# [Work to be completed]
The answer is the first line of the listing and every line after it through the one containing "The logo of", exact, with pictures removed.

# [Data segment]
※

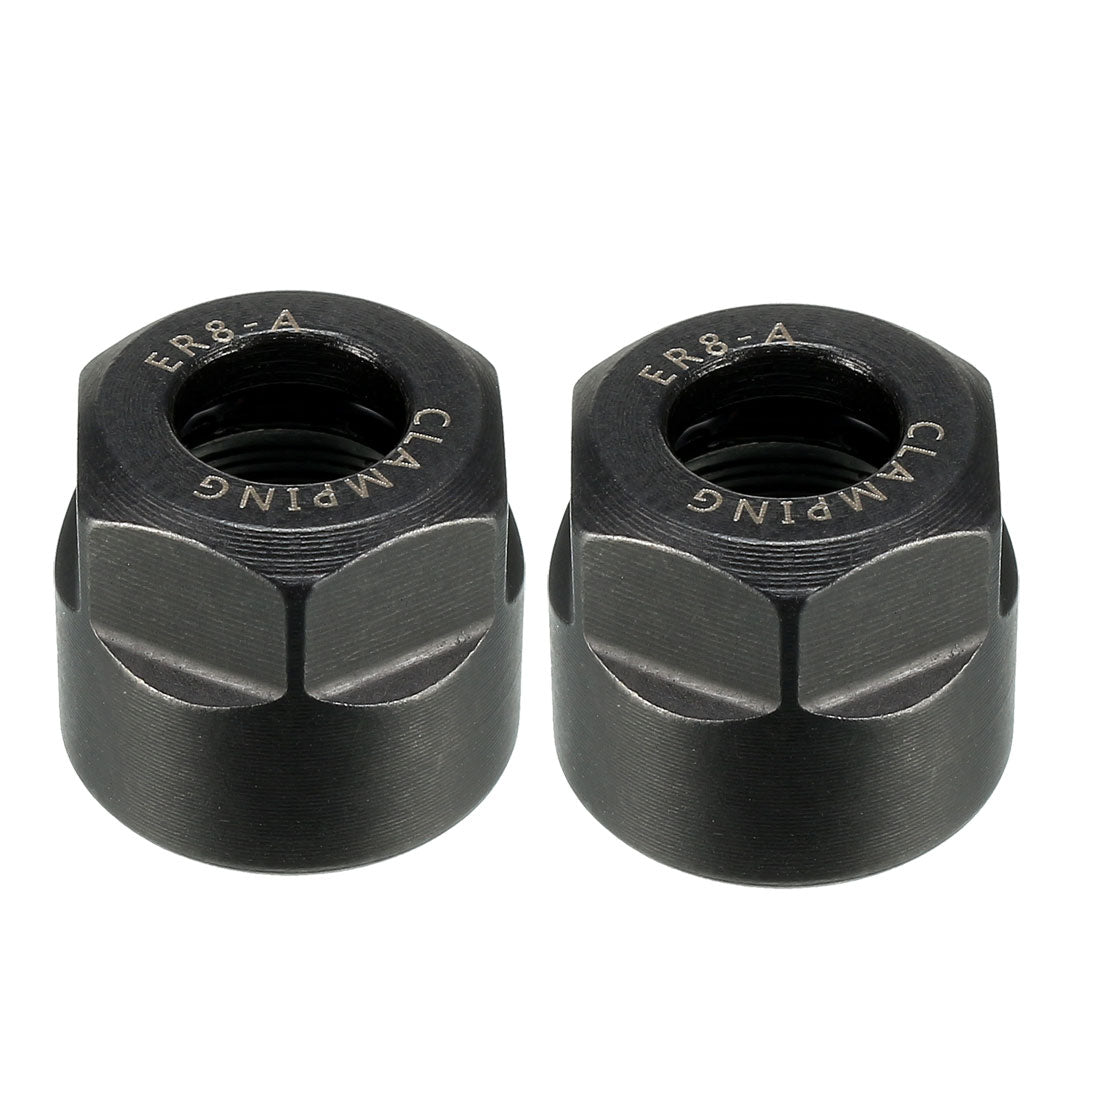 uxcell Uxcell ER8 A Type Collet Clamping Hex Nuts for CNC Milling Chuck Holder Lathe 2 Pcs
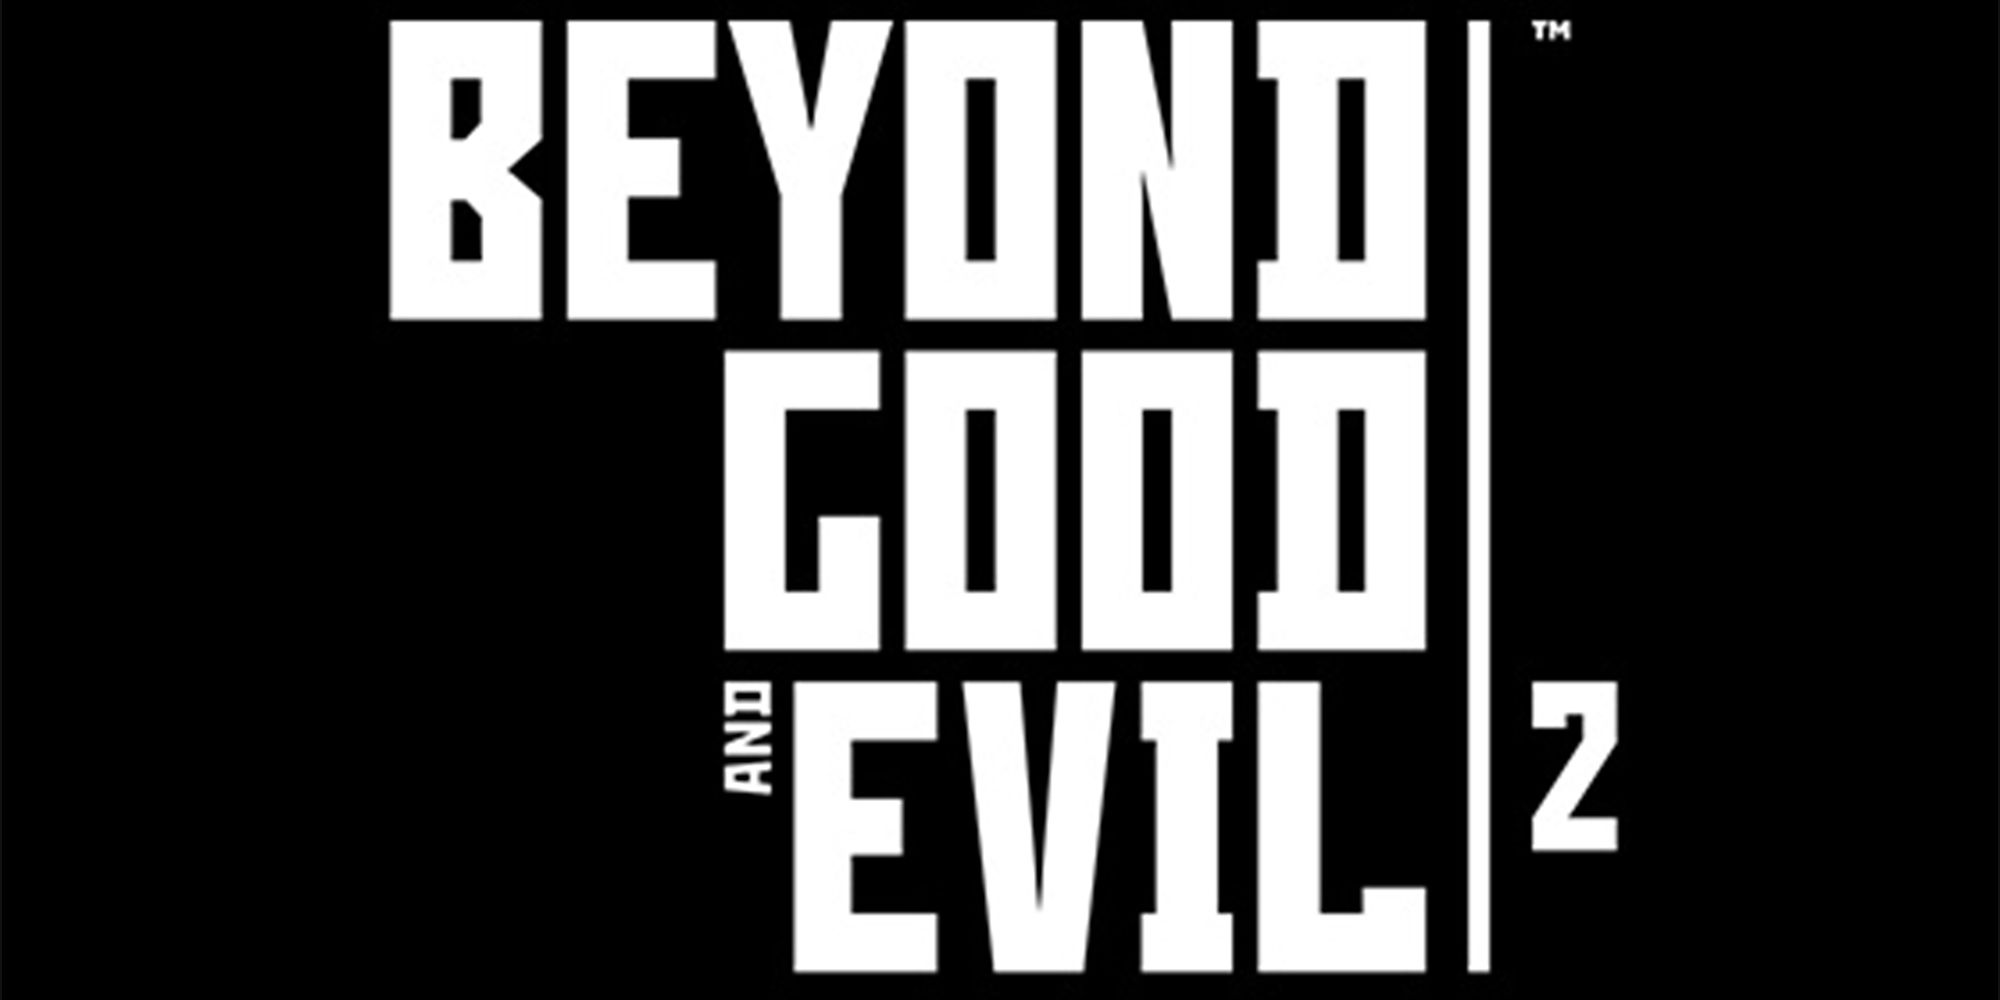 The logo of Beyond Good And Evil 2, currently the record holder for longest game in development.
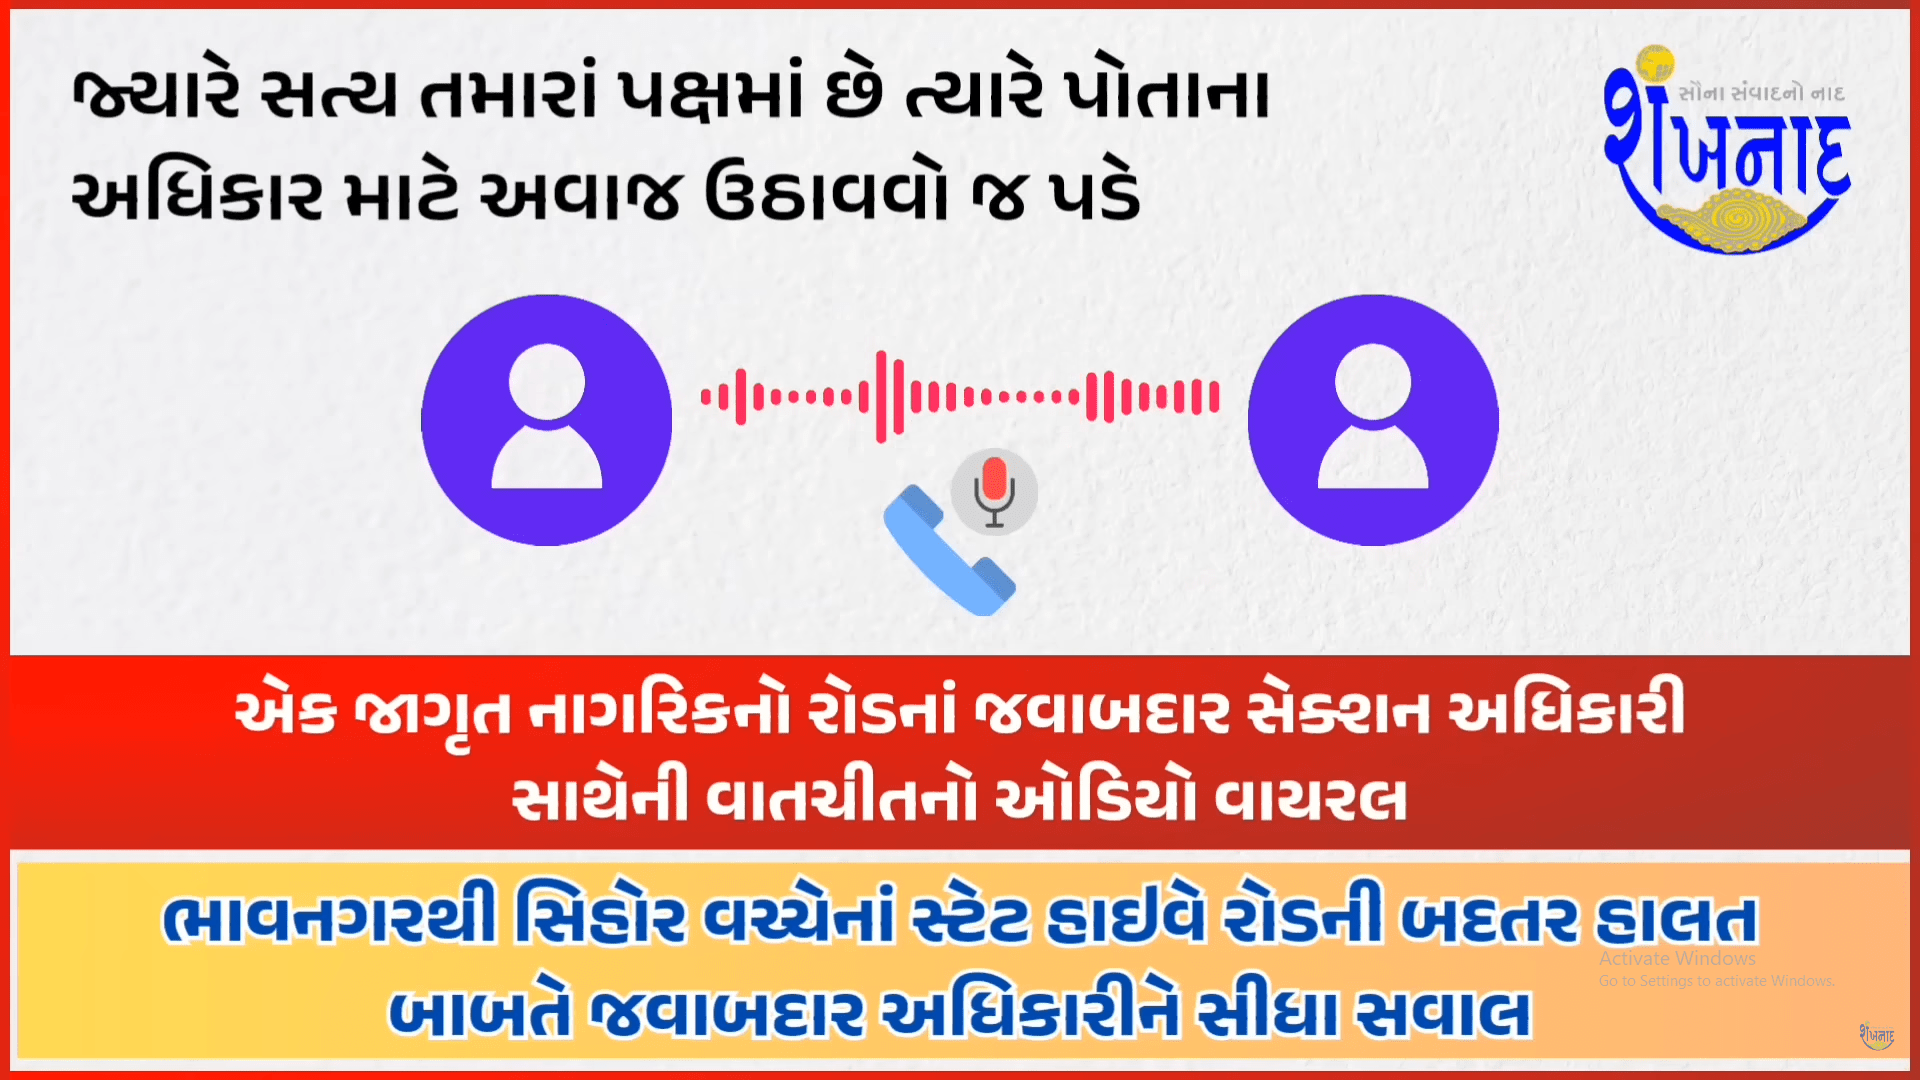 Direct question to the responsible officer regarding the bad condition of the state highway road between Bhavnagar to Sihore.

※

# [Exercise response]
 uxcell Uxcell ER8 A Type Collet Clamping Hex Nuts for CNC Milling Chuck Holder Lathe 2 Pcs
 The logo of Beyond Good And Evil 2, currently the record holder for longest game in development.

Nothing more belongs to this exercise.